As a software developer, what followed was obvious — I would spend the next couple days writing a program that would tell me if there really wasn’t a way to win the situation I ended up in my second attempt, or alternatively tell me how to win the game.

Now this wasn’t the first time I’d dabbled with computer programs simulating real life games. That, however, doesn’t mean that my methods are sophisticated. Regardless, I thought that my creative novel methods in this project were potentially inspiring and more importantly fun, which is why I’m writing this.

I initially implemented methods for exhausting all possible marble movements from a given state on the board, as well as all the possible moves you could make after each move. This is a so-called brute force method, that quickly gets extremely heavy as the complexity of the game is increased.

The game in question is relatively very simple, for example when compared to chess, that has a multitude of different unit types, movements and can require even up to 100 movements for a game to end. Due to its rules, the Kongming solitaire takes at most 31 moves to finish.

The first thing to establish was a coordinate system for mutual understanding of the game board between me and the program. A simple 2D coordinate system like below did the trick:

The logic of finding every possible move from a given state is relatively simple — for every marble, check if there’s a marble on its left and a spot behind that, rinse and repeat for the three other sides.

This quickly got very fun, I proceeded to write an algorithm that takes a starting state (marble placement on the board), and seemingly infinitely finds all possible movements and drills into them in the same way. The goal was clear — find a series of marble movements that results in just one marble remaining at the end. Furthermore, the algorithm was really quite fast. Initially it was able to simulate roughly 800 000 marble movements every second (while still being quite merciful on my laptop CPU). This is where Kongming first surprised me with its complexity — the process ran on and on, up to several hours, at best going as far as thousands of millions simulated movements (>5 000 000 000), yet not a single victory was uncovered! Did I give up this project that was dumb from minute 0? No! I don’t have anything better to do during my winter vacation anyway!

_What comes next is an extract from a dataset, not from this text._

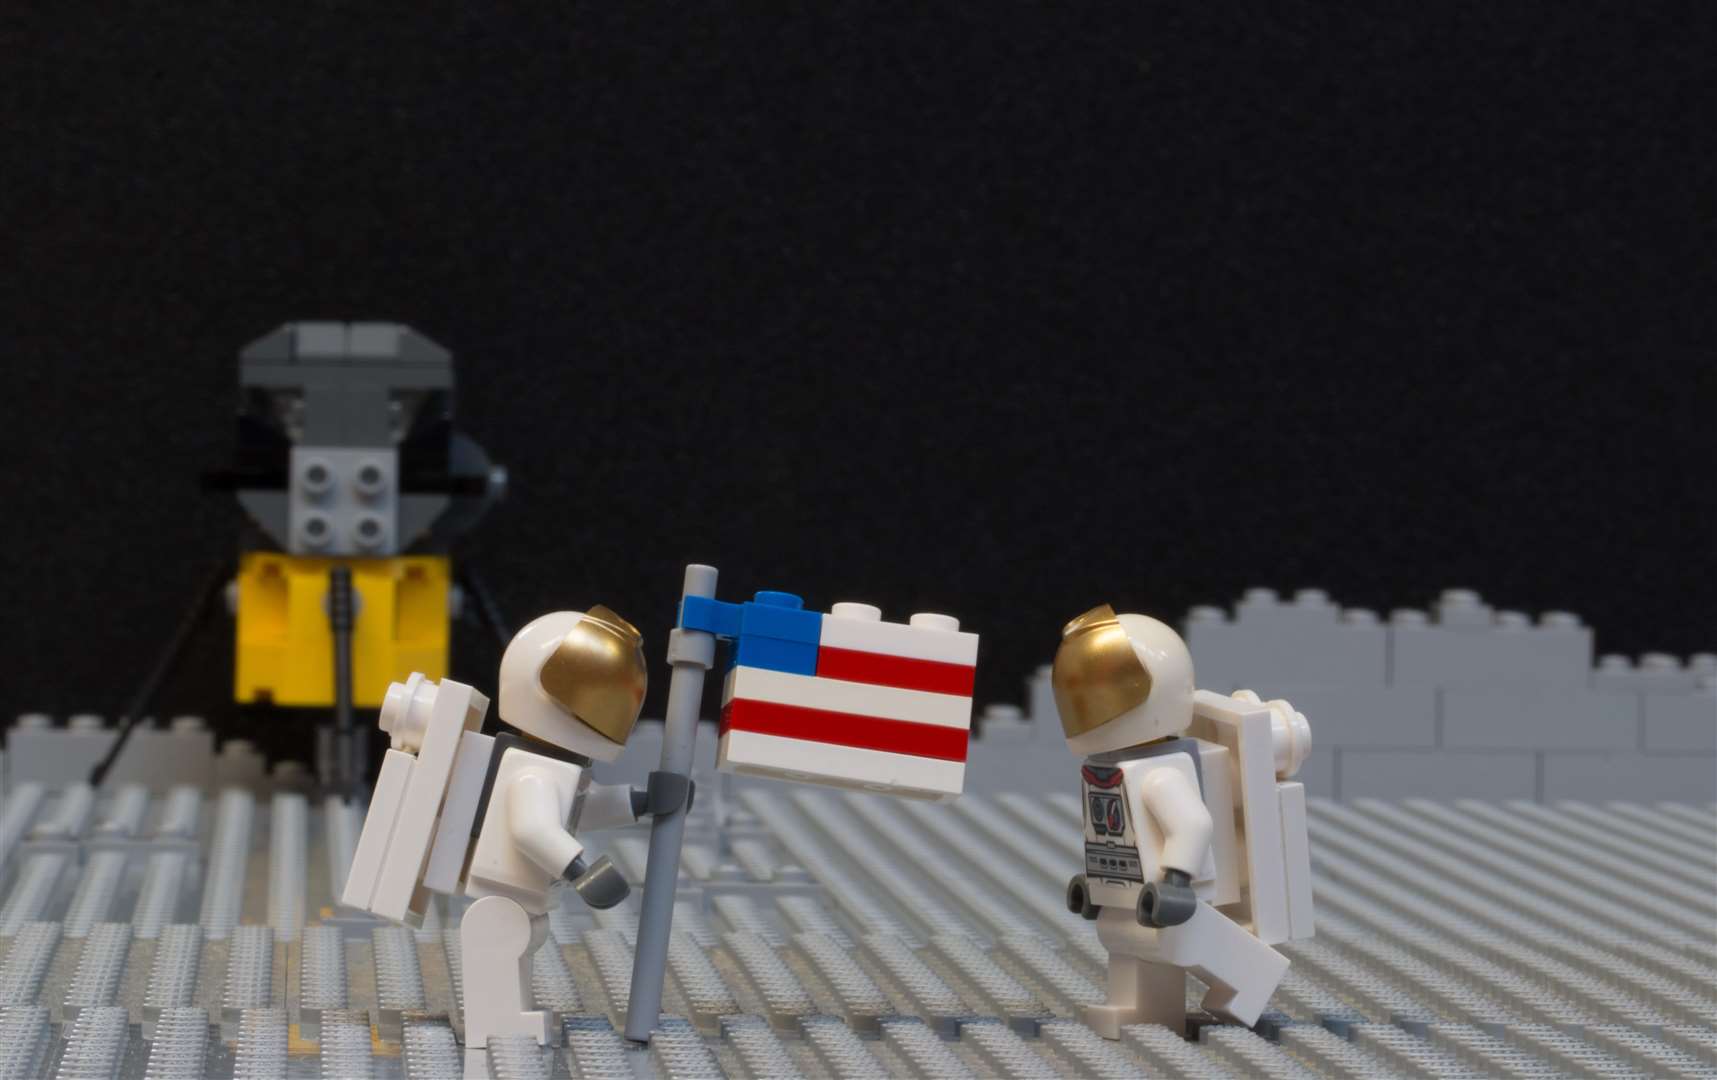 The moon landings

Another important simplifying factor in the rules of Kongming is that every move reduces the number of marbles left. This means that there is no fear of infinite simulations (for example, in chess the program could move a soldier back and forth for 1000s of turns straight, no issue). So, what was the issue? Why even billion marble movements was not enough to find even a single winning scenario? The answer turned out to be the obvious — the game really was that complicated, or maybe better to say that the brute force method really is that bad.

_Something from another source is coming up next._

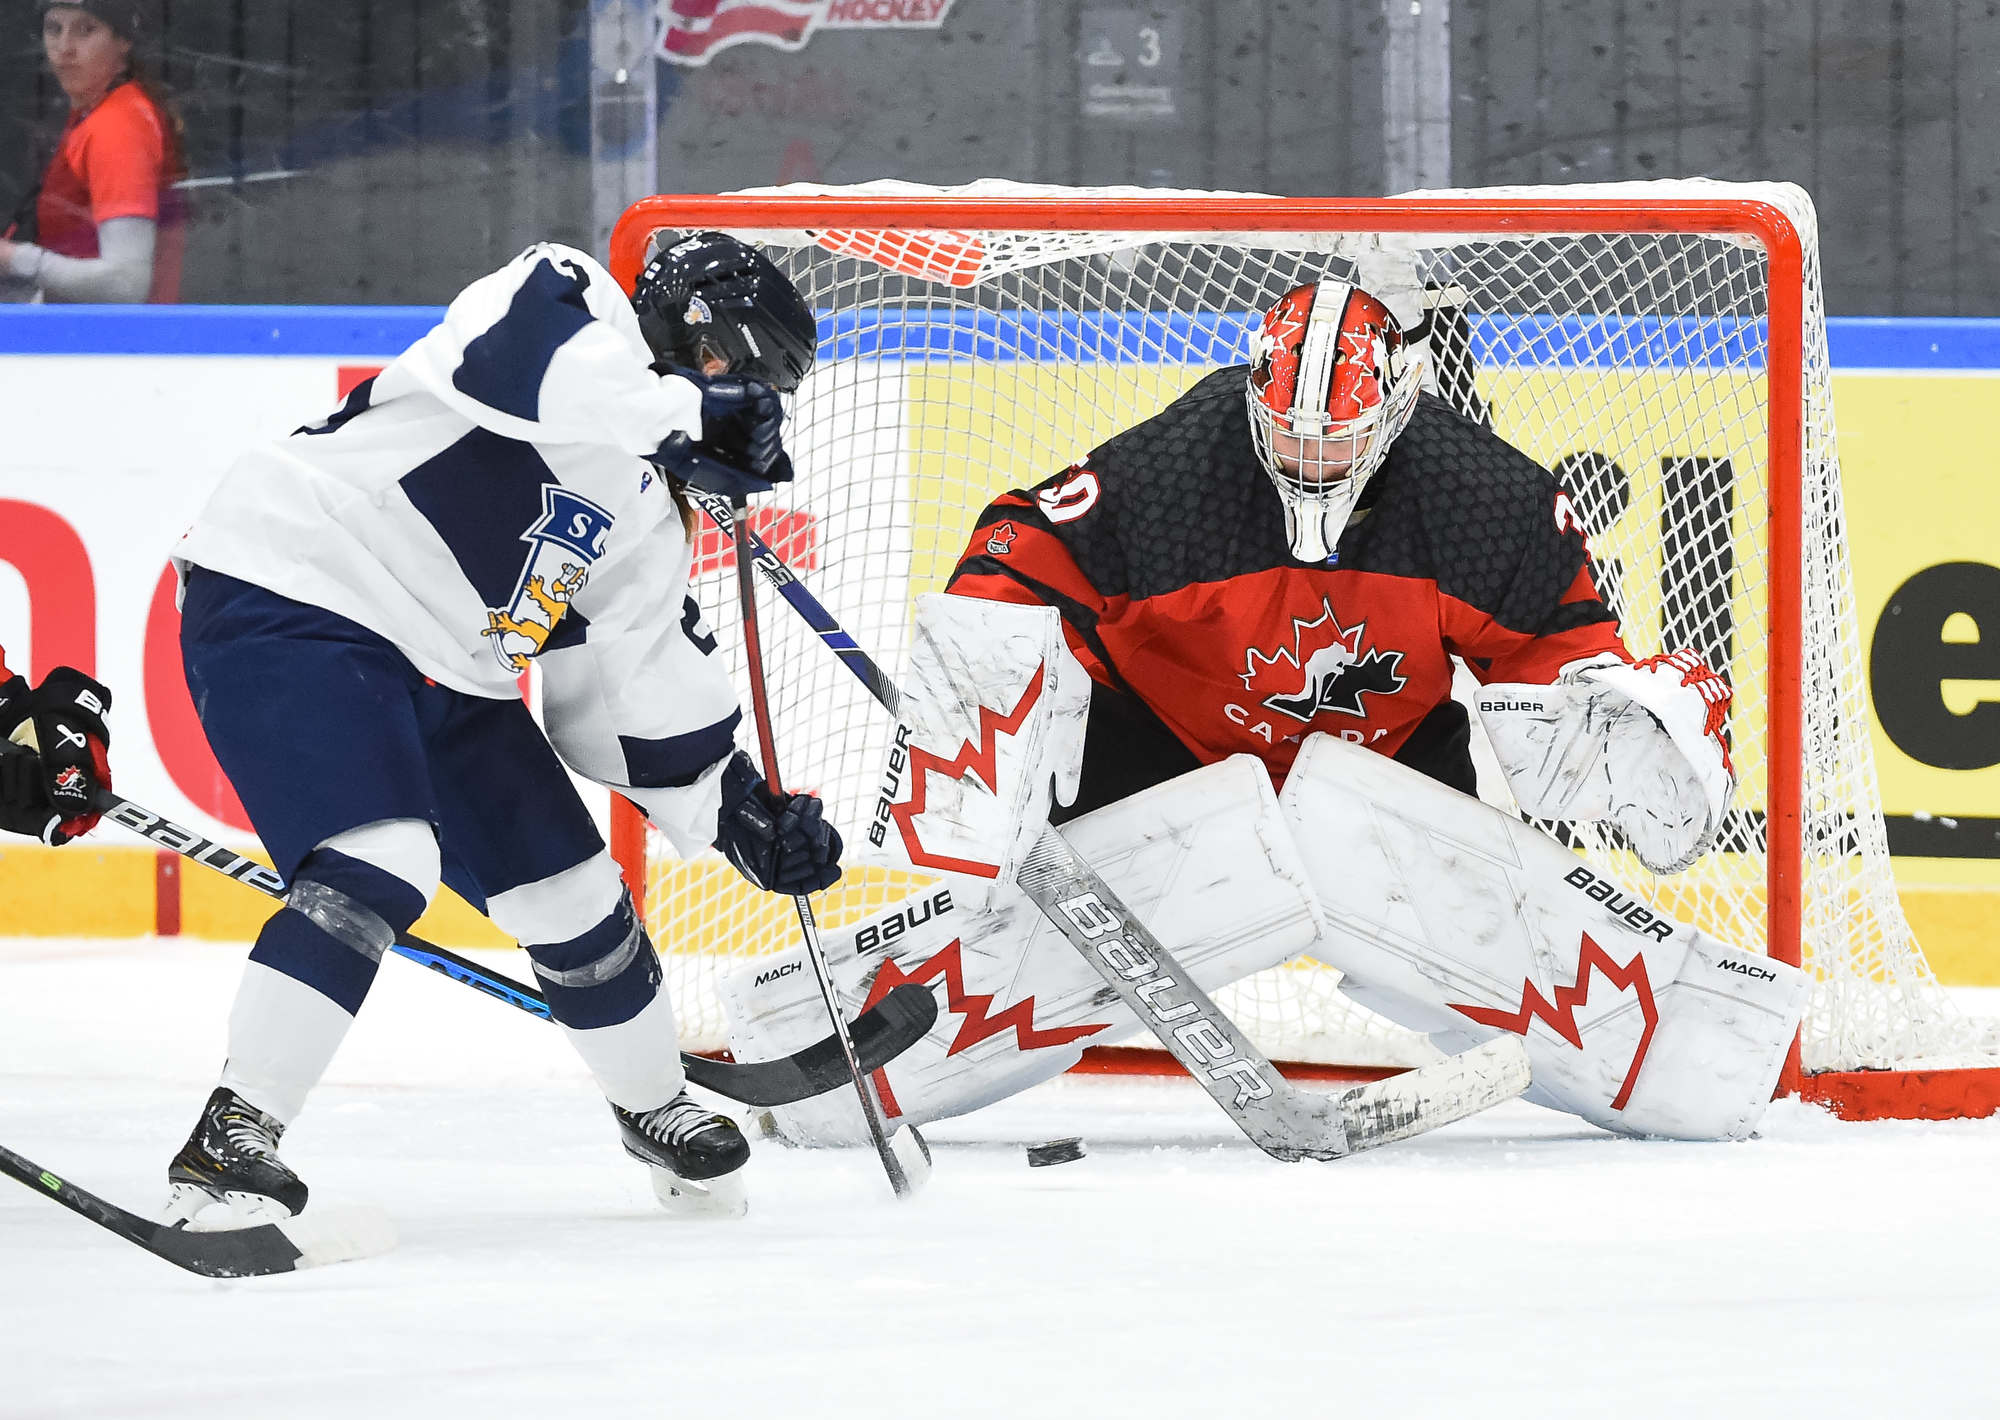 Team Canada sad after the match FINLAND - CANADA 6-5 (OT) IIHF U18

The next idea that came to me was to get rid of extra simulations by skipping simulations of board states that had already been simulated. In Kongming, it is rather easy to end up in fundamentally or exactly identical situations even when moving marbles in different order. When it comes to the brute force method, skipping early movements that would lead into several branches of simulations can be extremely powerful!

To do this, I implemented a 2D transformation matrix logic for the simulated Kongmin boards, capable of arbitrarily rotating and flipping a set of marbles. With this, I could even skip mirrors and rotations of previously simulated board states.

While I was momentarily happy with my code working beautifully, it turns out that there is an incredibly large number of different arrangements of marbles on the Kongming board and that running CPU driven transformations on them is really heavy… and slow. So, I had “upgraded” my blazing fast simulator into a snail that skipped a good 80% of simulations (nice!!), but was still a snail and performed worse than the starting point.

This was a good example of the dreaded premature optimization, where you think that you have a bright idea that fixes your issues but ends up performing worse. However, it did give me some resources for the next iteration — I noticed that a large majority (>95%) of the skips were done for exactly identical states, rather than some mirror or rotation of a previous state. Exact identical state comparisons were a lot faster than the transforms, so this was good intel — if I compromised by just leaving the transformations out, maybe it would work great?

It didn’t work great. Turns out that comparing a list of marbles (2–32) to a reaaally long list of lists of marbles (up to millions of unique stored states) is, once again, really slow. The brute force method lives to its name. Then, I had a bright idea — in my program, the state of the board was described like this:

This means that the board state is described as a list of present marbles, where each marble is described as a X and Y coordinate. As previously established, the board has a limited set of slots — the X and Y coordinates can vary between 0 and 6. My bright idea was to wrap this same information into a binary sequence, as in a list of 0's and 1’s. 1 means that there is a marble, and 0 means that there is no marble.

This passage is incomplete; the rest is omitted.